**RECORDS FOR PROCESSING**
──────────────────────────────

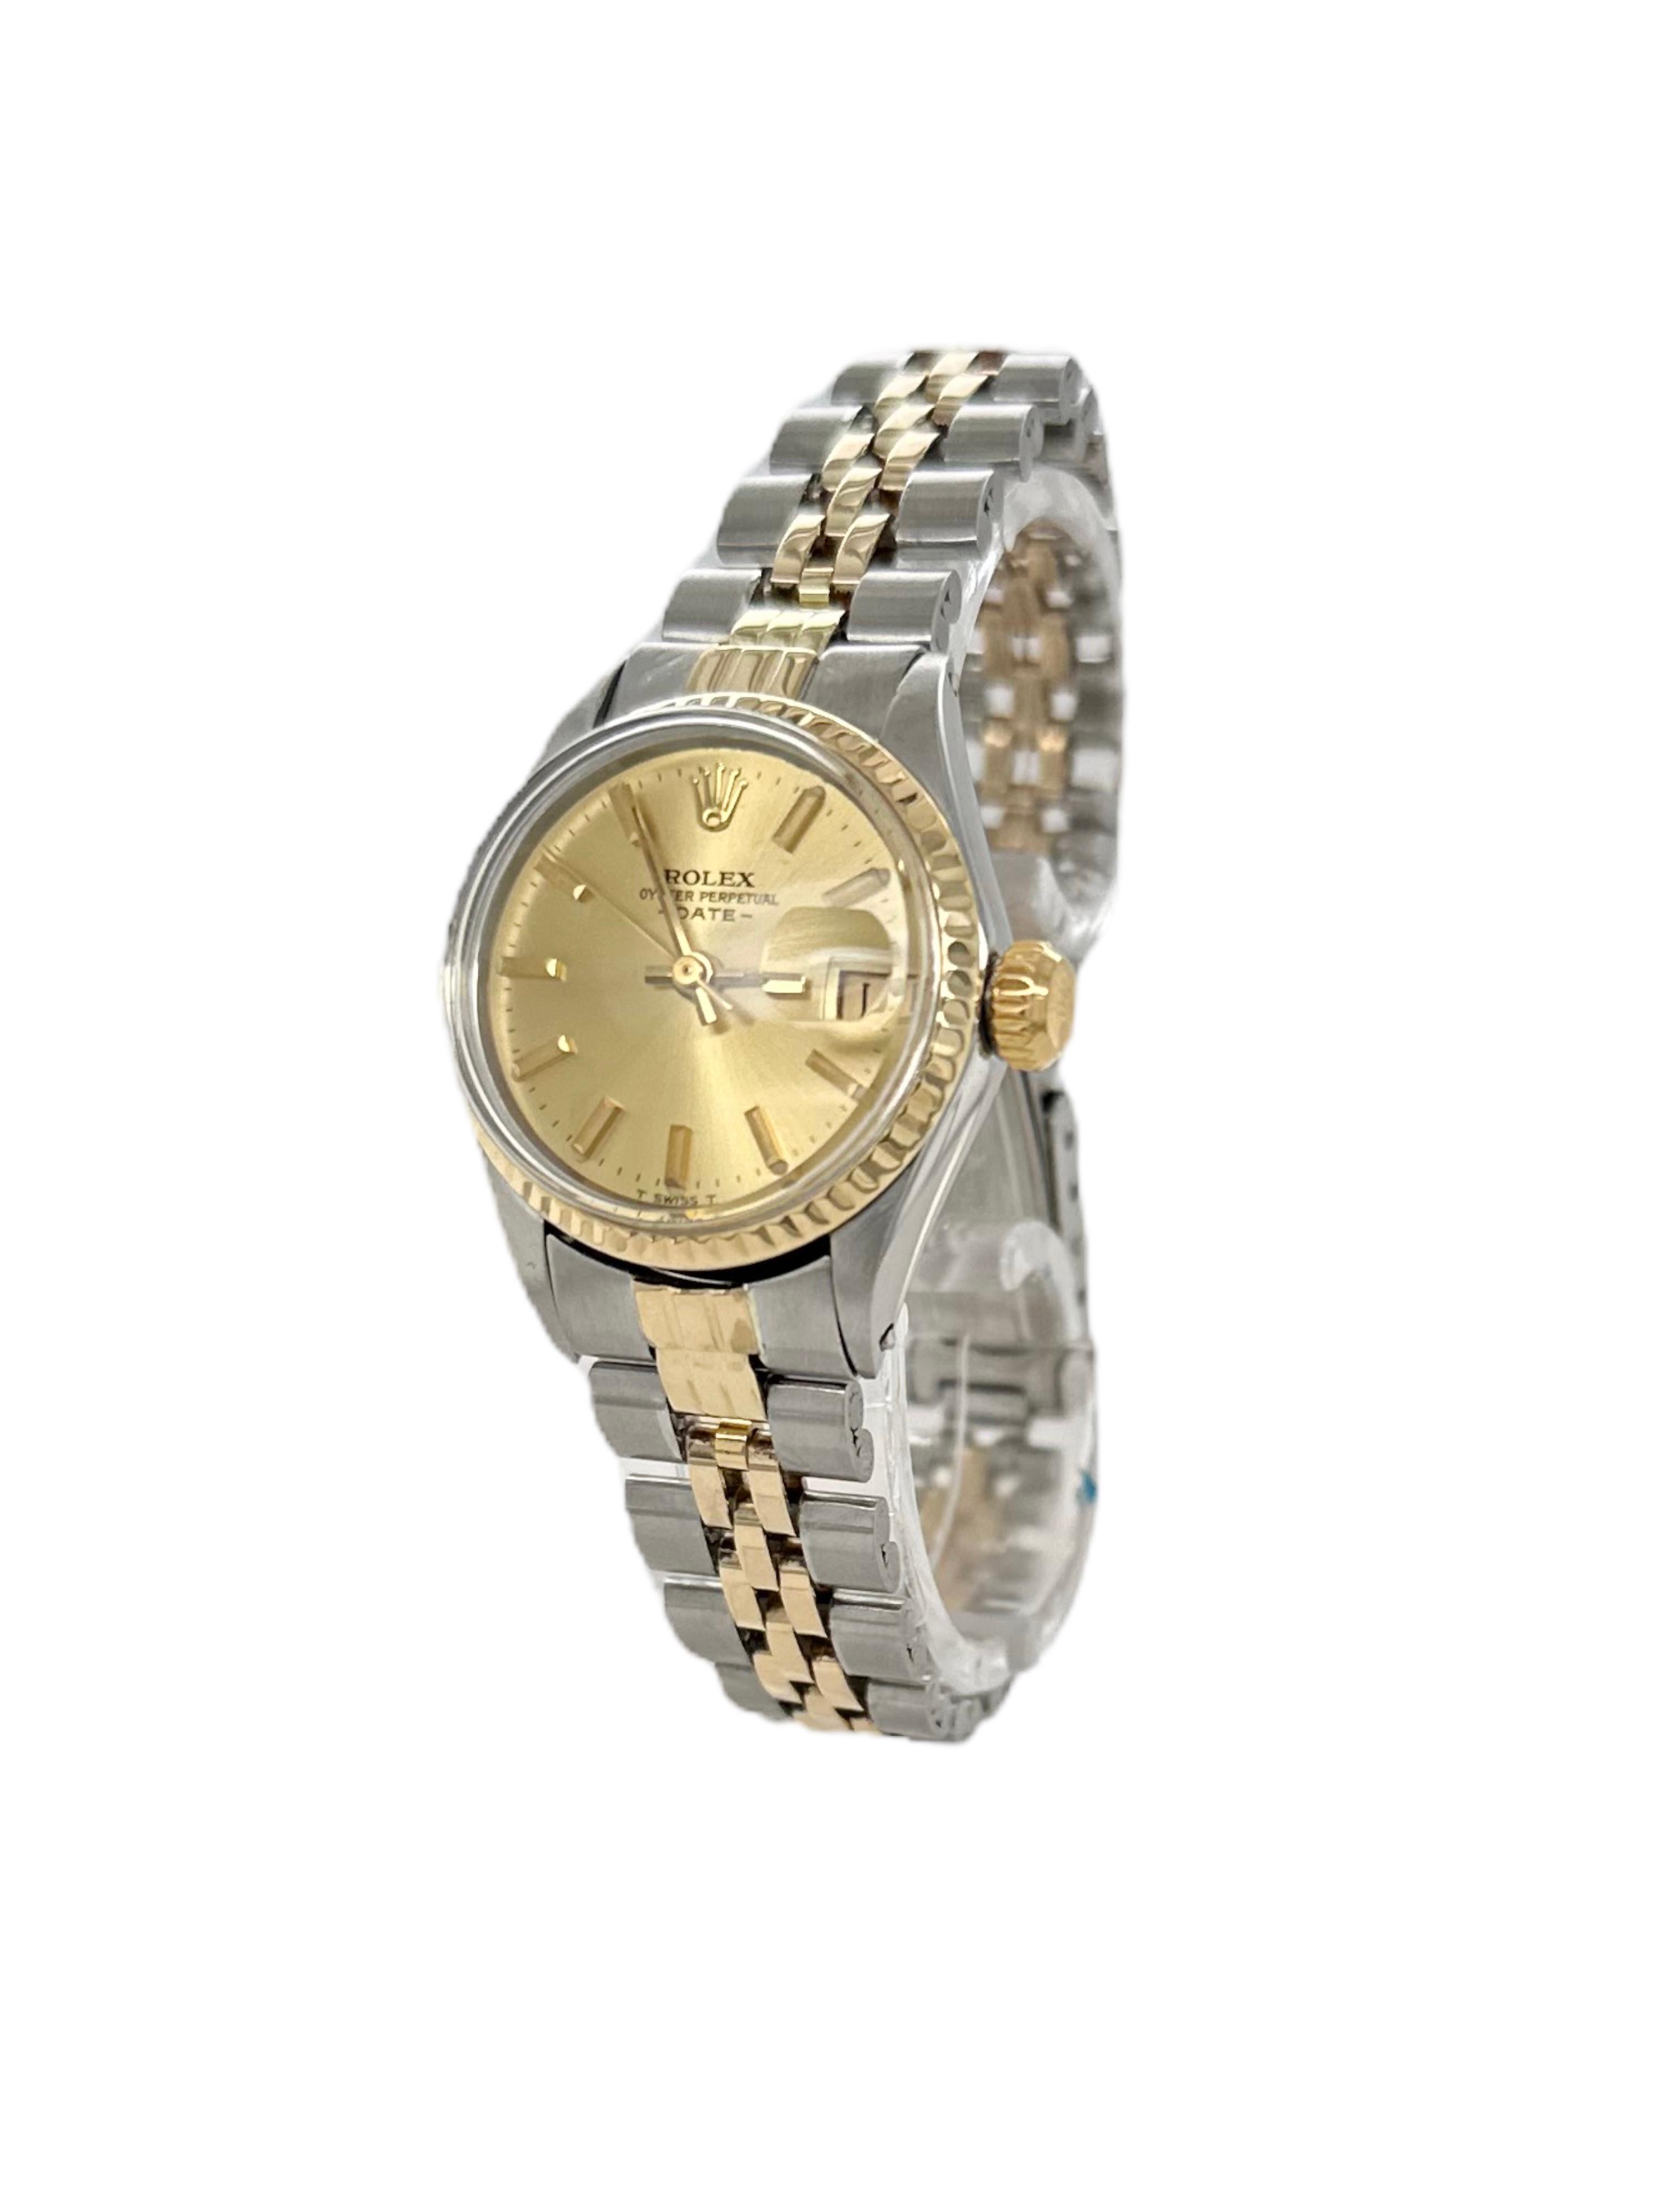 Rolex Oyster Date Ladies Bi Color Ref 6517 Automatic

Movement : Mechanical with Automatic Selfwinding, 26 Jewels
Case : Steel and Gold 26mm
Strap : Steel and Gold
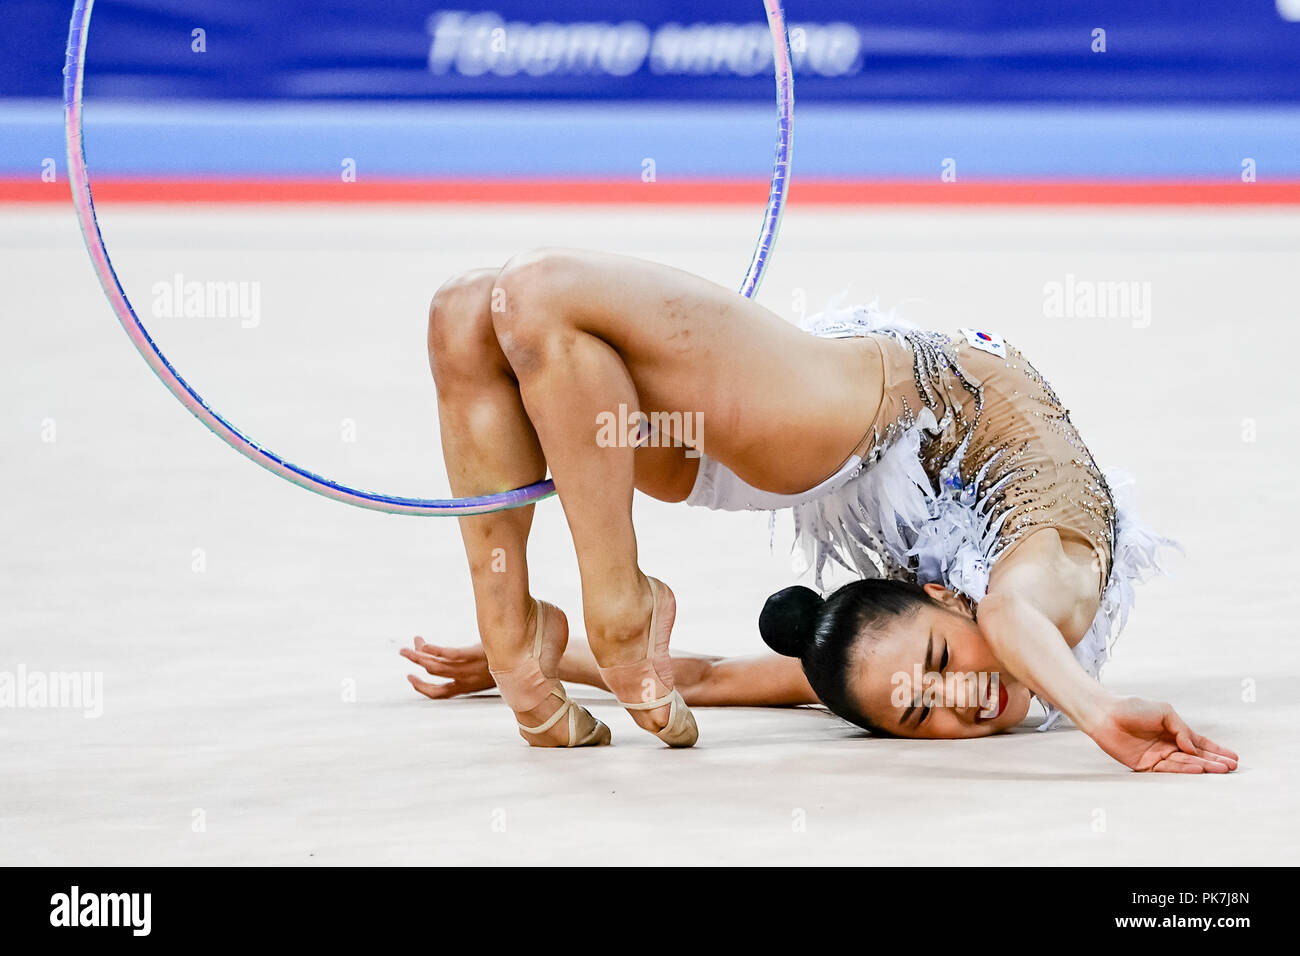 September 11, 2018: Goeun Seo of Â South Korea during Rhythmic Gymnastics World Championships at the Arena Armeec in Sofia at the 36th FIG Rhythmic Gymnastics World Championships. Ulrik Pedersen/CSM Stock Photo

──────────────────────────────

In the copy, include all records verbatim but no images.

 Rolex Oyster Date Ladies Bi Color Ref 6517 Automatic

Movement : Mechanical with Automatic Selfwinding, 26 Jewels
Case : Steel and Gold 26mm
Strap : Steel and Gold
 September 11, 2018: Goeun Seo of Â South Korea during Rhythmic Gymnastics World Championships at the Arena Armeec in Sofia at the 36th FIG Rhythmic Gymnastics World Championships. Ulrik Pedersen/CSM Stock Photo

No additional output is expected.